The court properly denied defendant’s suppression motion. As defendant concedes, the officer conducted a proper level-one request for information because defendant and his companion were carrying heavy-looking garbage bags at 2:30 a.m. When defendant’s companion evinced a consciousness of guilt by spontaneously assuming the “spread eagle” or “frisk” position even before the officer, who was exiting his unmarked car, had said anything (see People v Wigfall, 295 AD2d 222 [2002], lv denied 99 NY2d 540 [2002]), and when defendant and his companion gave illogical and implausible answers to the officer’s questions, this created a founded suspicion on the officer’s part that criminal activity was afoot, entitling him to exercise the common-law right of inquiry by asking to look inside the bags (see People v De Bour, 40 NY2d 210, 223 [1976]; People v Ward, 22 AD3d 368 [2005], lv denied 6 NY3d 782 [2006]); People v McPherson, 286 AD2d 616 [2001], lv denied 97 NY2d 685 [2001]).

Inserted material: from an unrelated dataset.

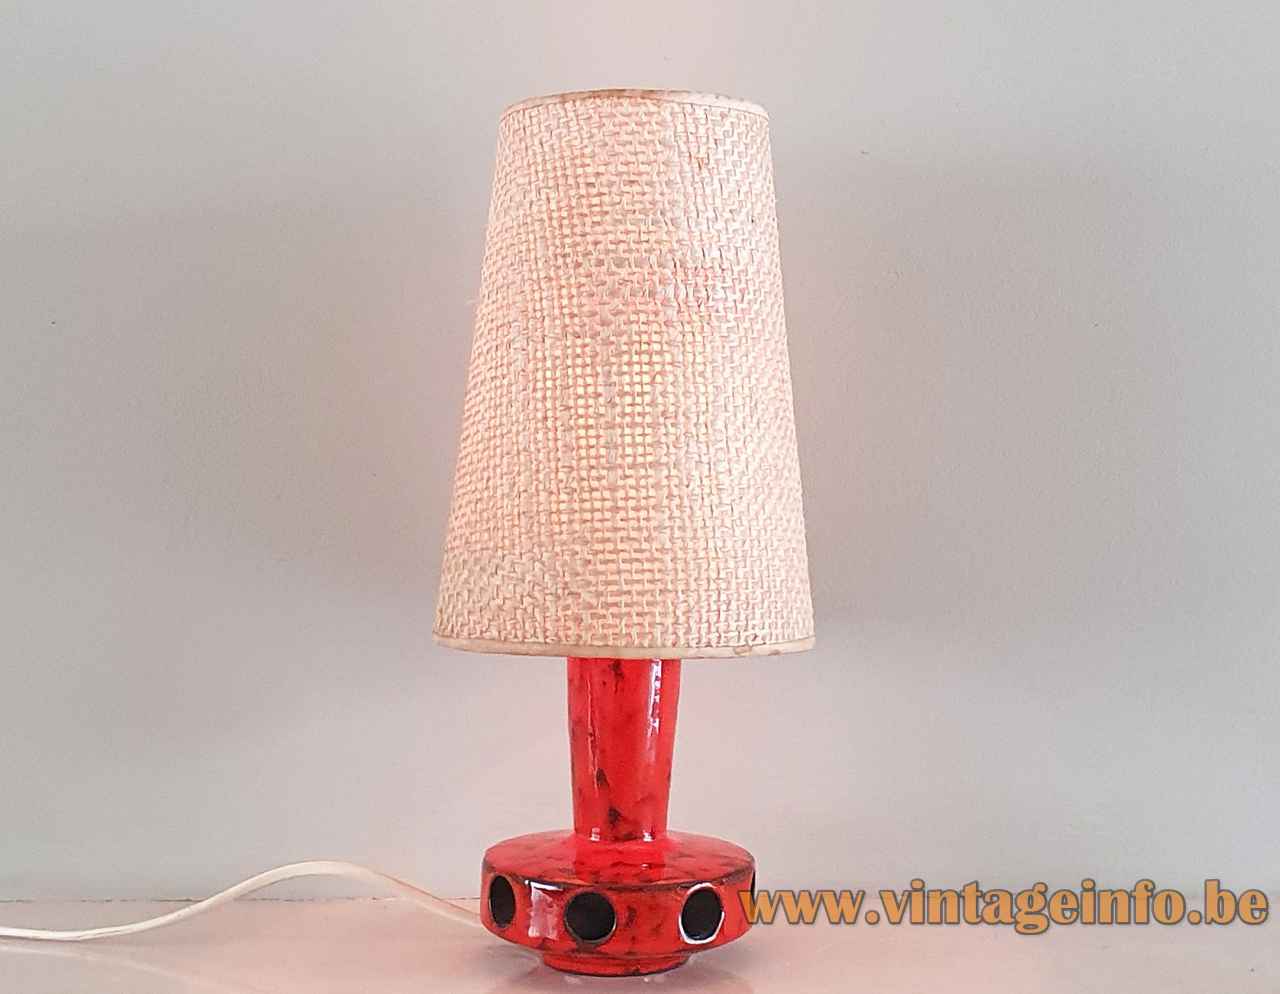 German red ceramics table lamp round base holes conical fabric lampshade 1960s 1970s Germany Gerhards style
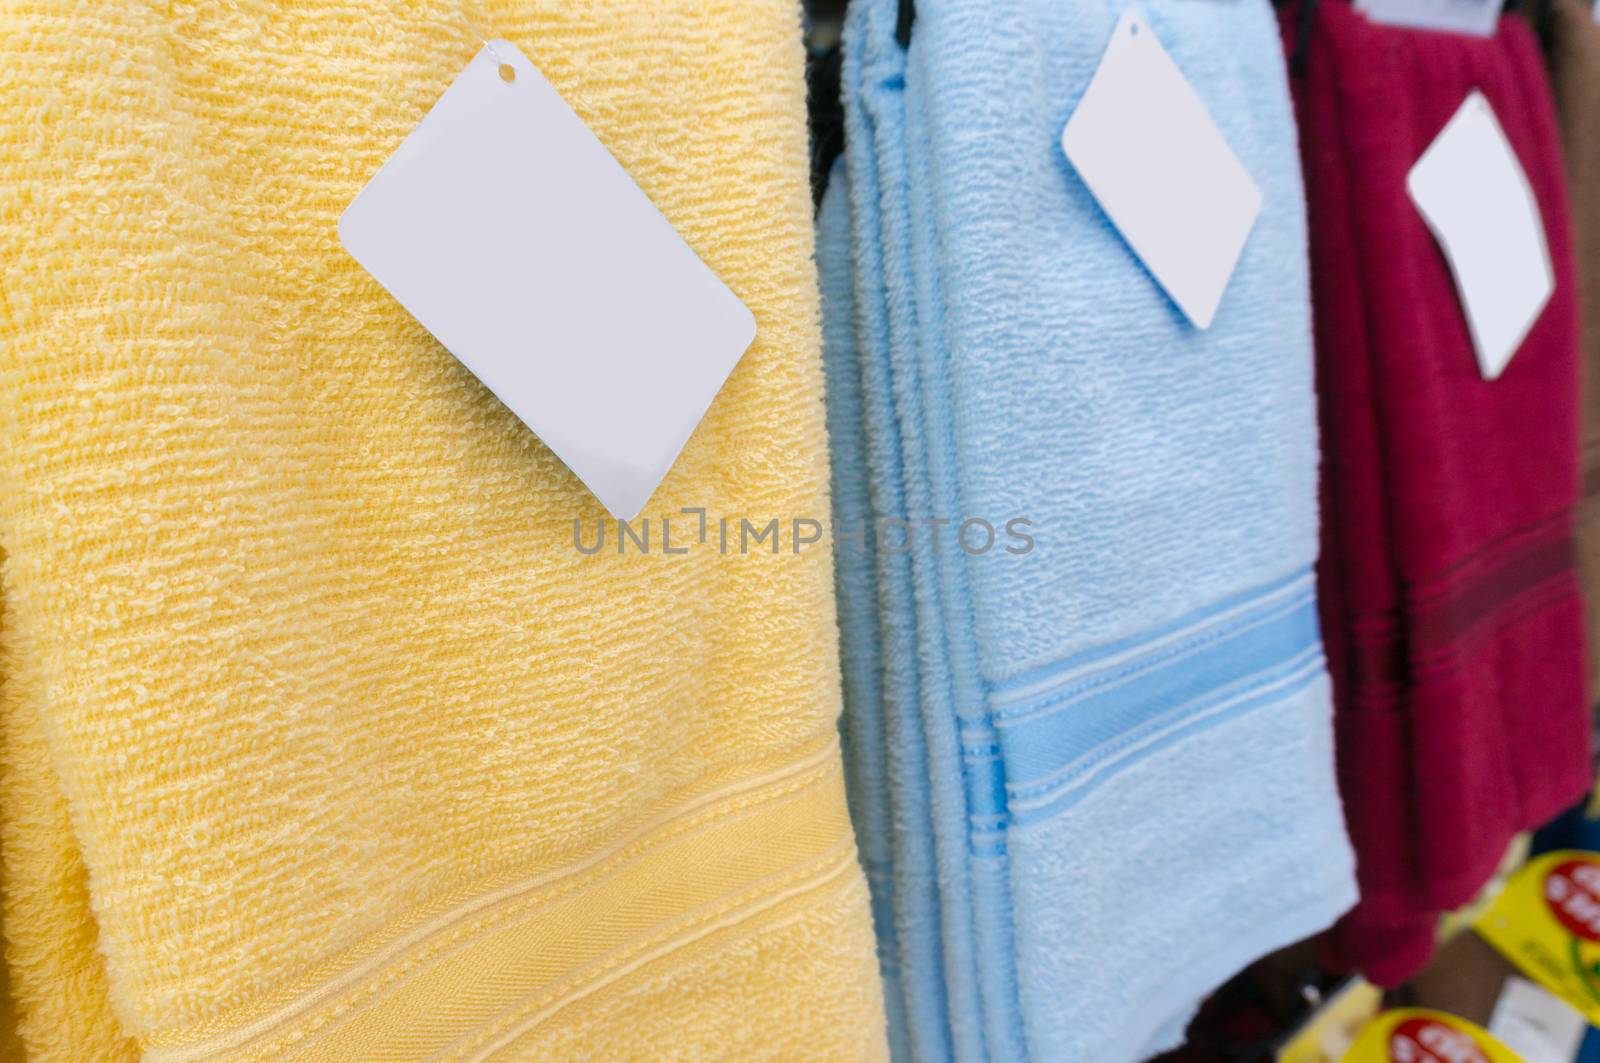 Colorful towels on supermarket shelves by thampapon

The challenged portions of the prosecutor’s cross-examination of defendant were generally within the bounds of permissible *296advocacy, and contained nothing that was so egregious as to deprive defendant of a fair trial (see People v Overlee, 236 AD2d 133, 136, 142 [1997], lv denied 91 NY2d 976 [1998]). Concur— Saxe, J.E, Marlow, Nardelli, Catterson and McGuire, JJ.